Verbatim output of the lines below is required, with the images omitted.

Data section:
######

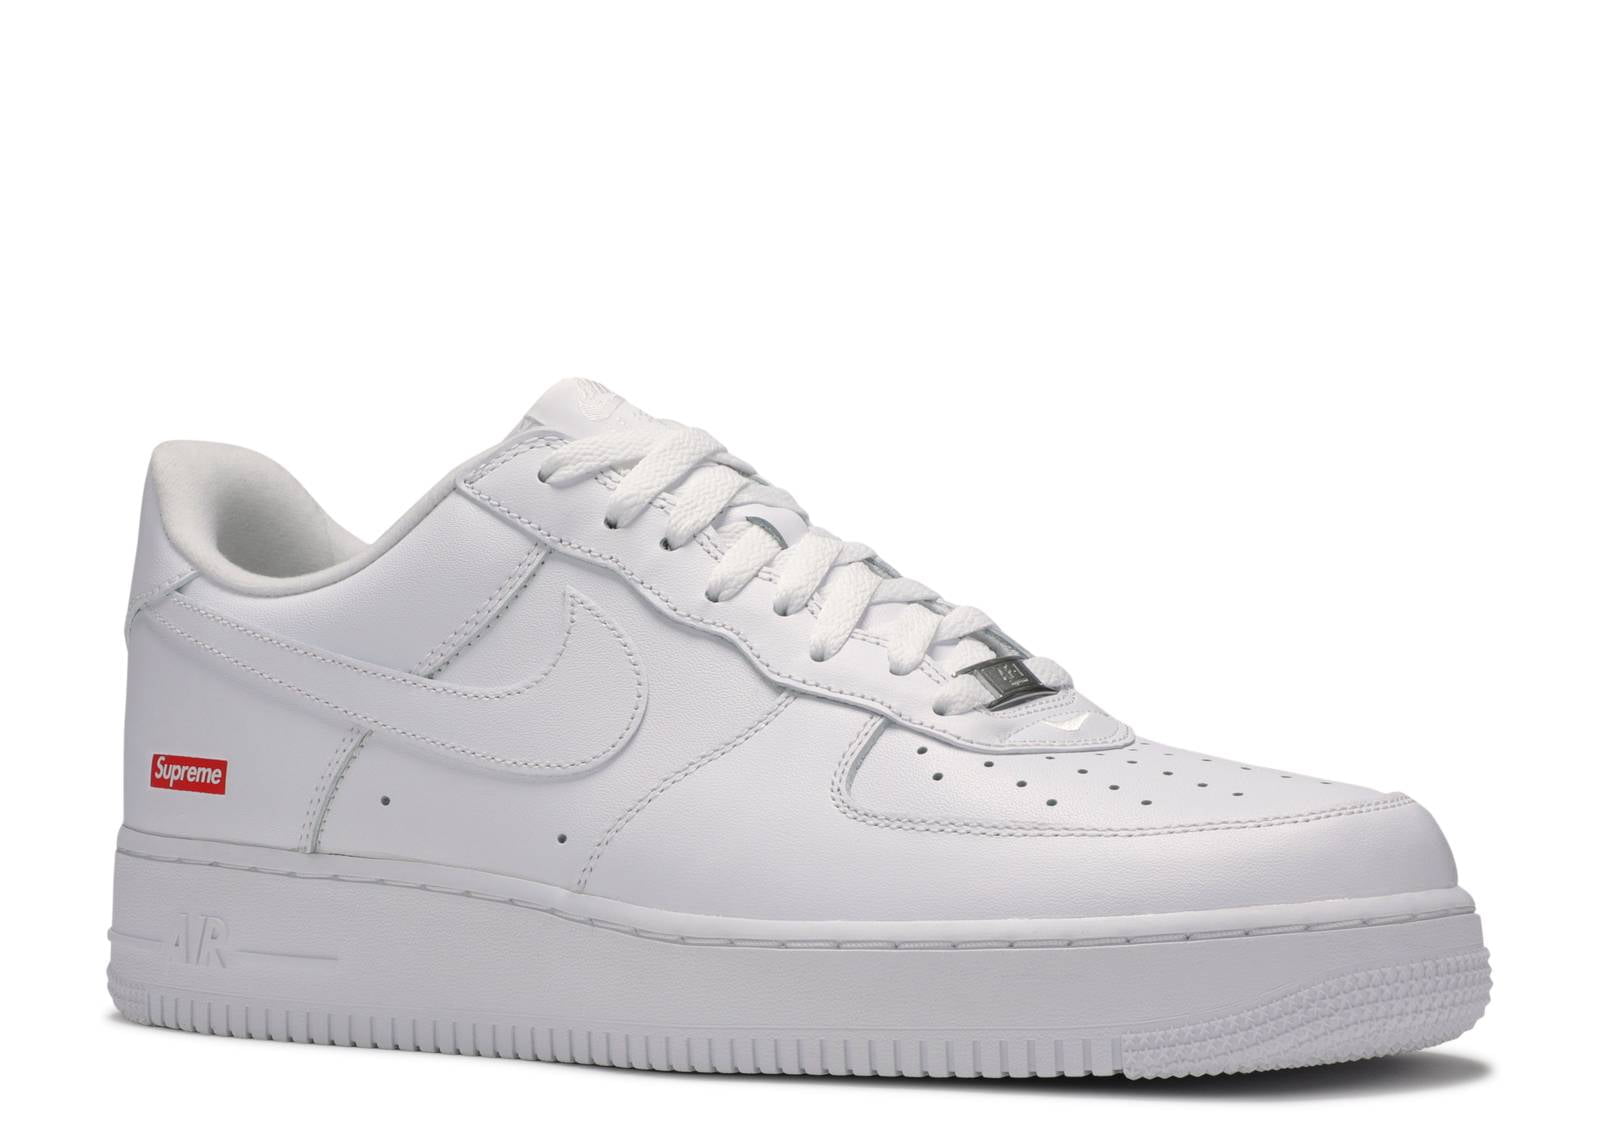 Nike Nike Air Force 1 Supreme 07 White
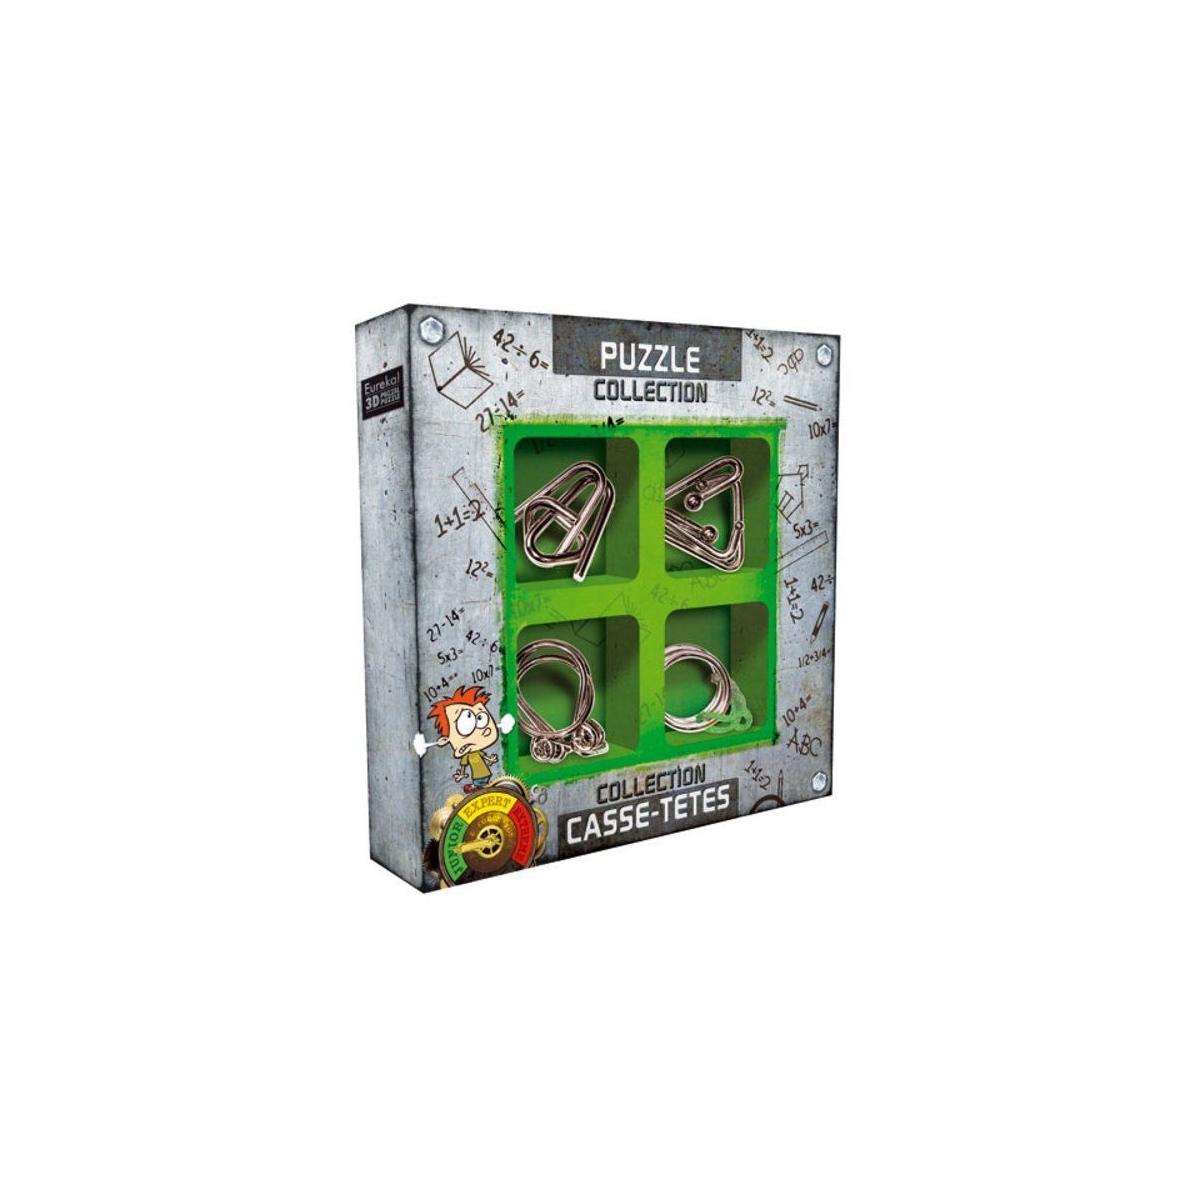 EUREKA 52473361 - Metallpuzzle-Set 4-teilig Junior Puzzle
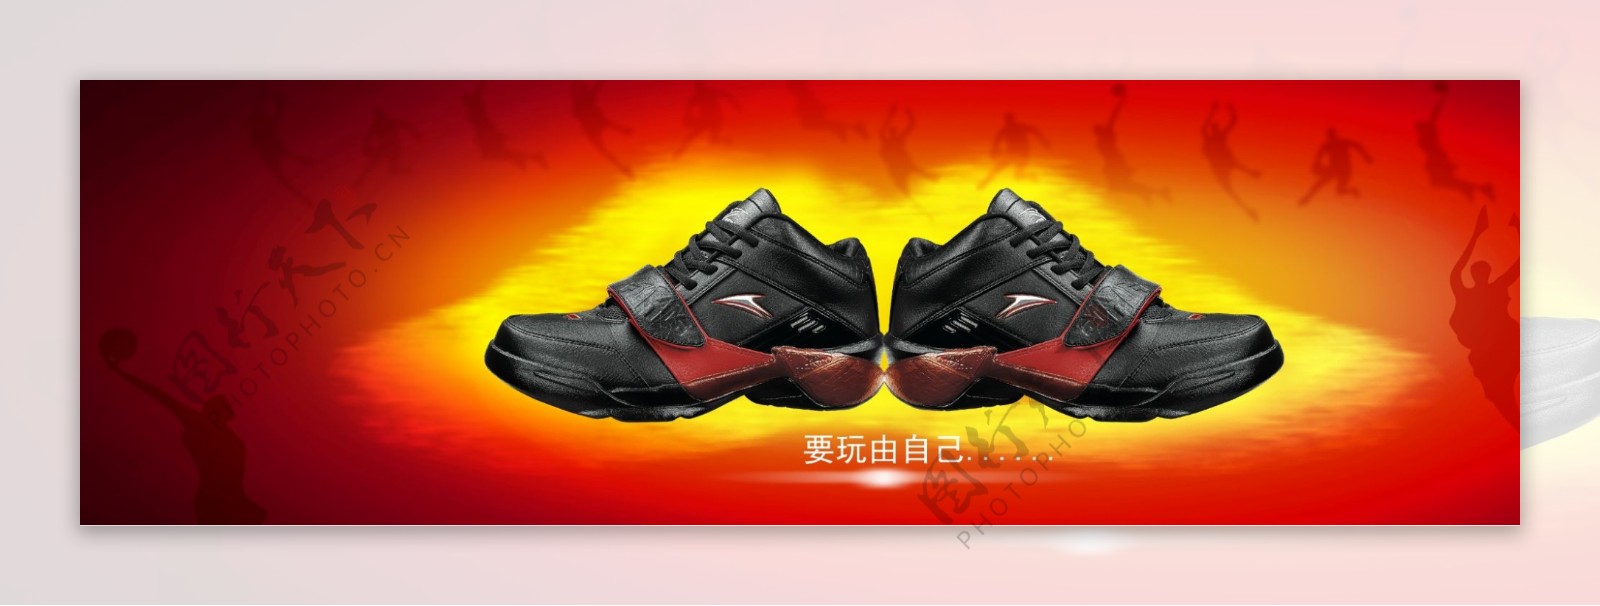 运动鞋广告设计图片

######

Result below:
 Nike Nike Air Force 1 Supreme 07 White
 EUREKA 52473361 - Metallpuzzle-Set 4-teilig Junior Puzzle
 运动鞋广告设计图片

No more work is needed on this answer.